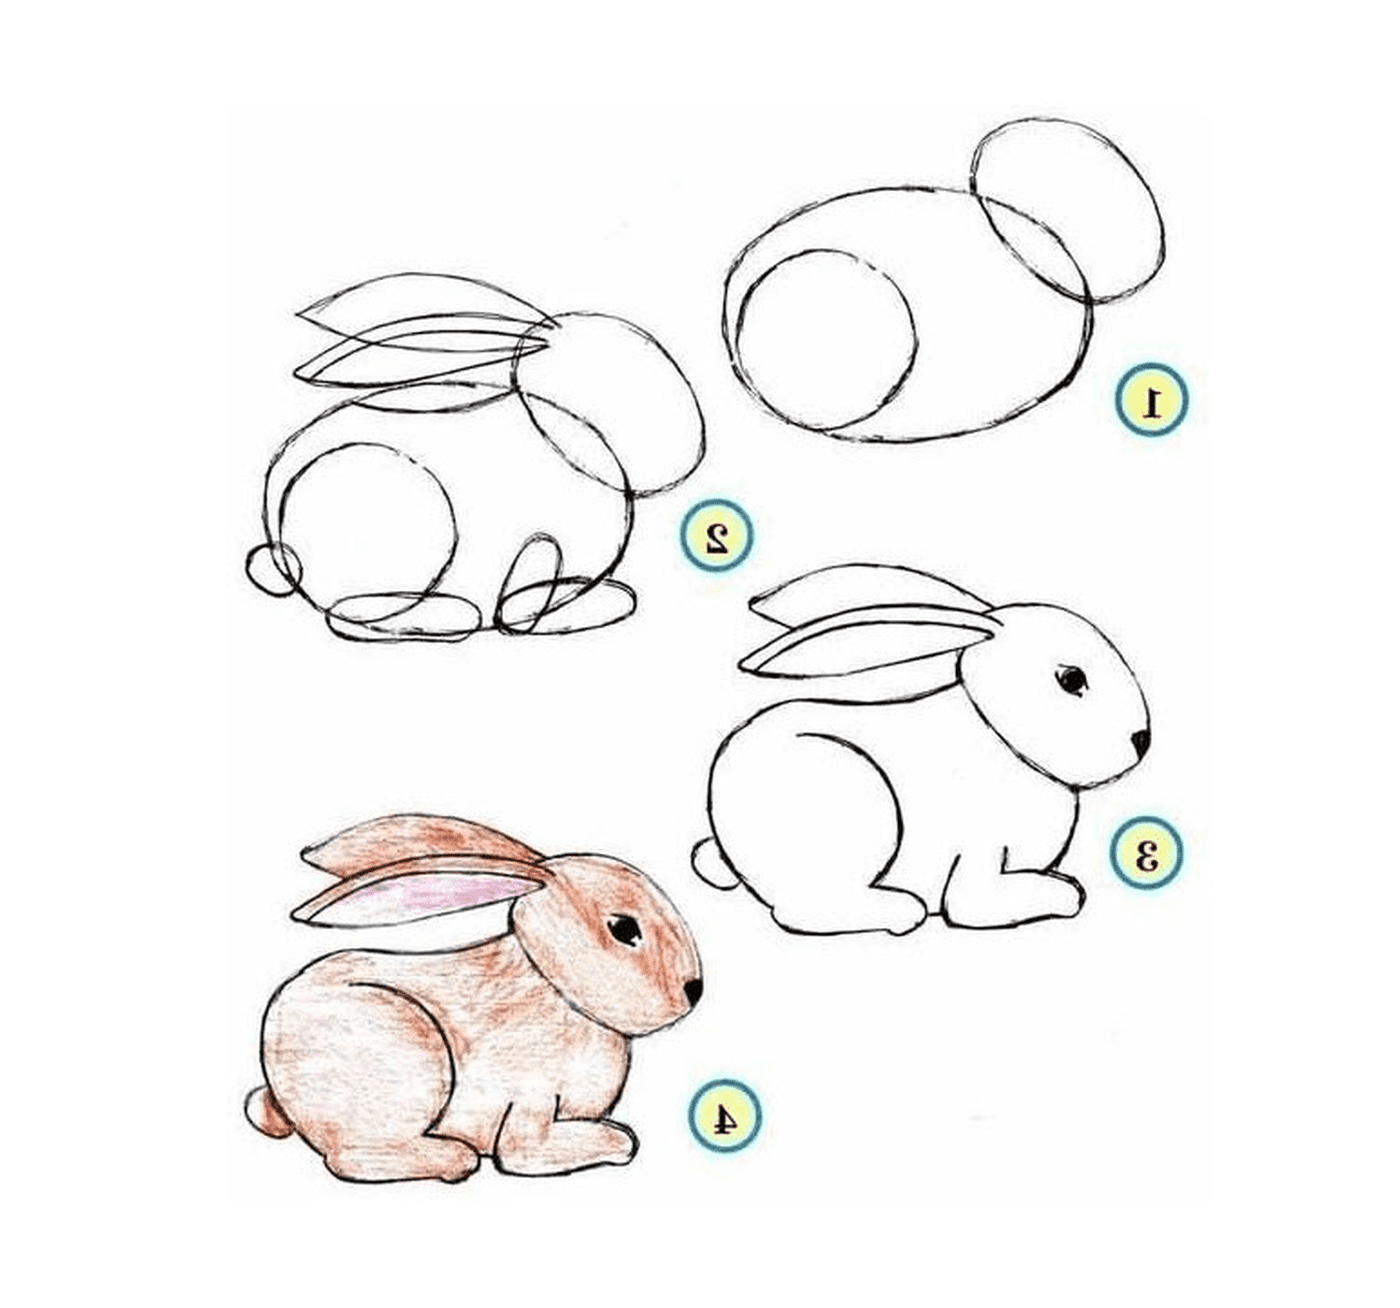  Cómo dibujar un conejo paso a paso 
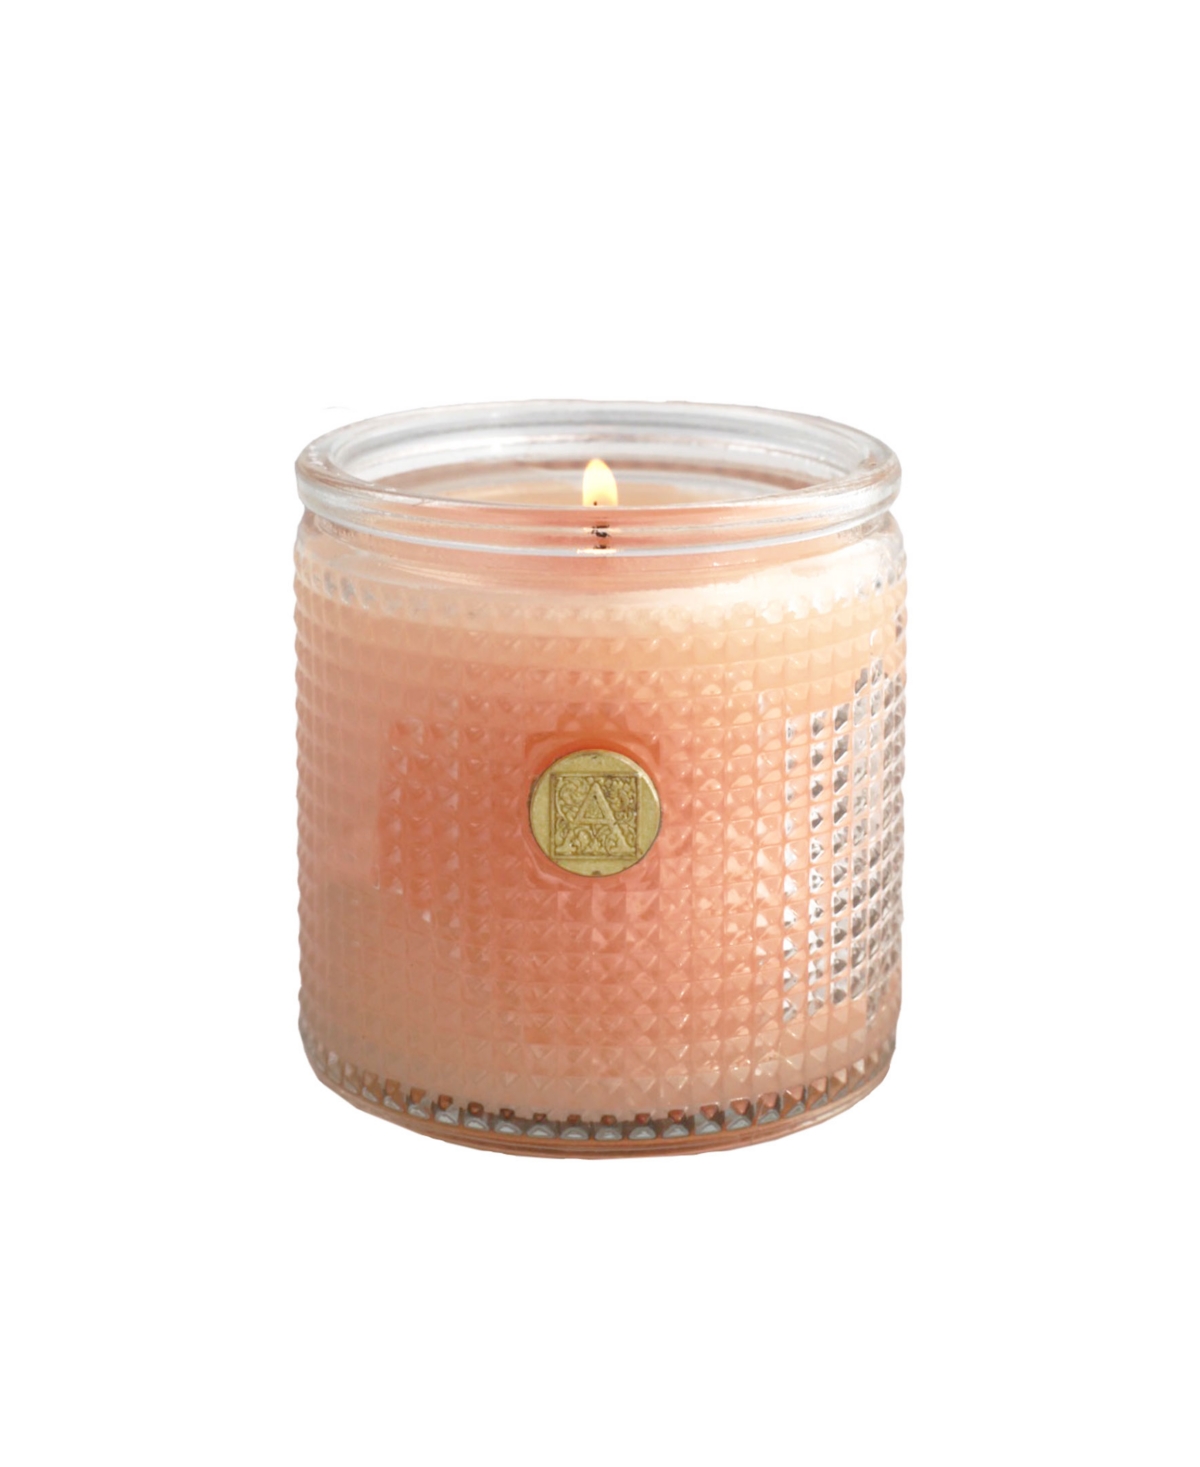 Elegant Essentials Tangerine Dreams Textured Candle, 6 oz - Light Orange
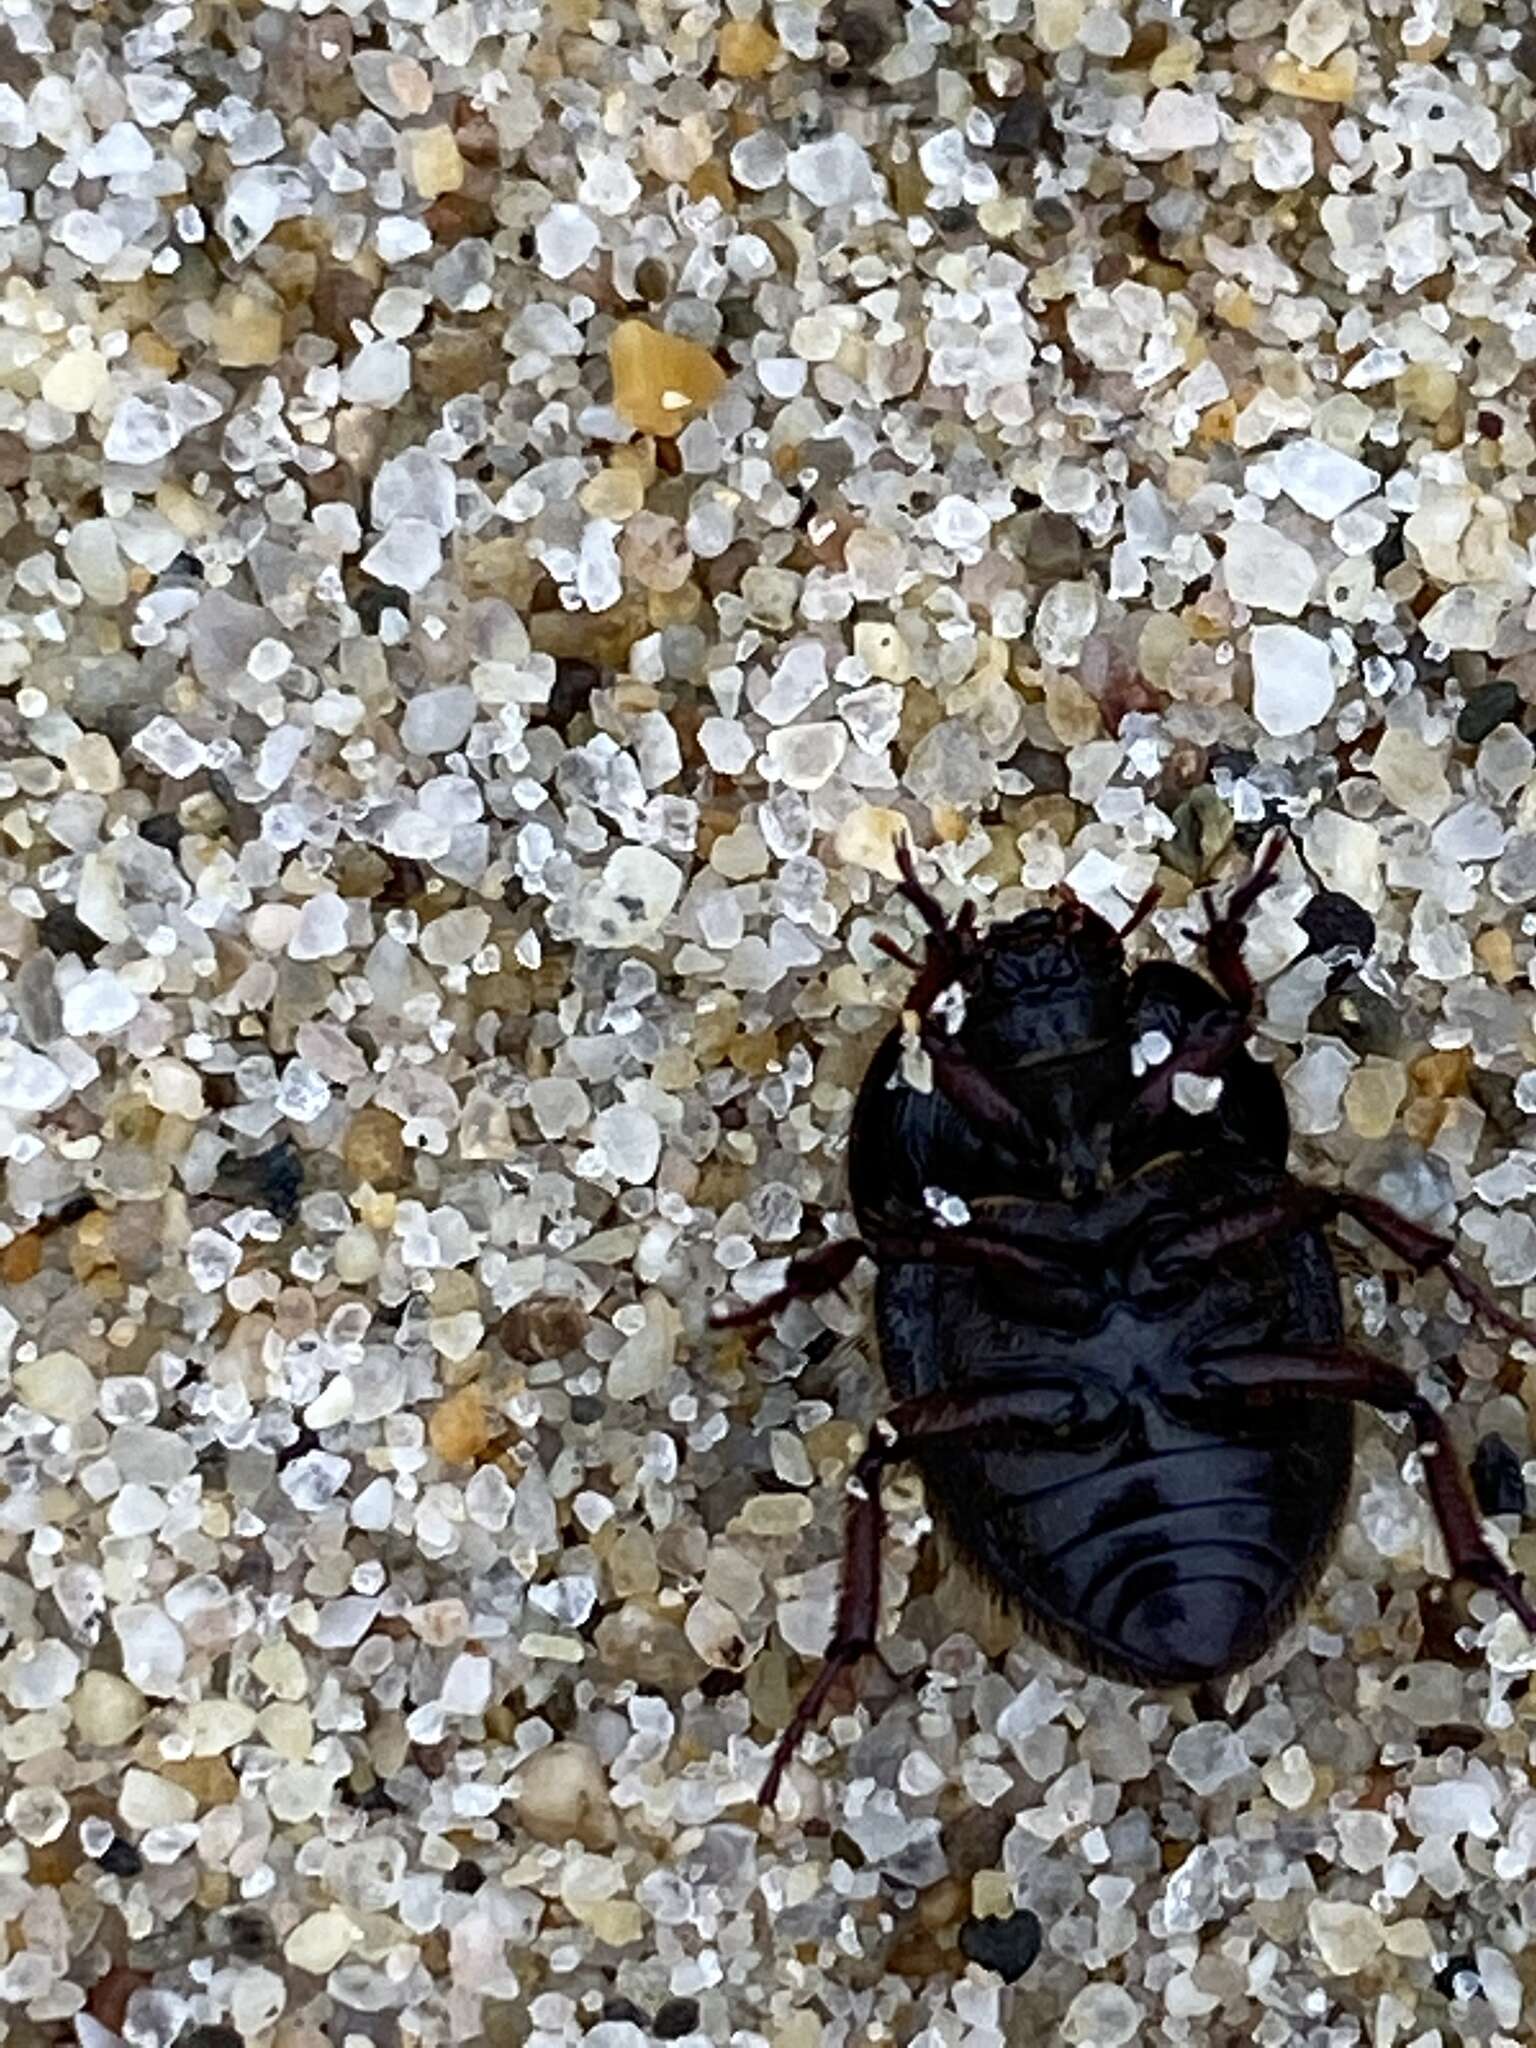 Image of Globose Dune Beetle

[Exercise requirements] Reproduce the lines of the data that run from the one containing "Elegant Essentials Tangerine" to the final line, both included, exactly as they appear and without the pictures.

[Finished exercise]
 Elegant Essentials Tangerine Dreams Textured Candle, 6 oz - Light Orange
 Image of Globose Dune Beetle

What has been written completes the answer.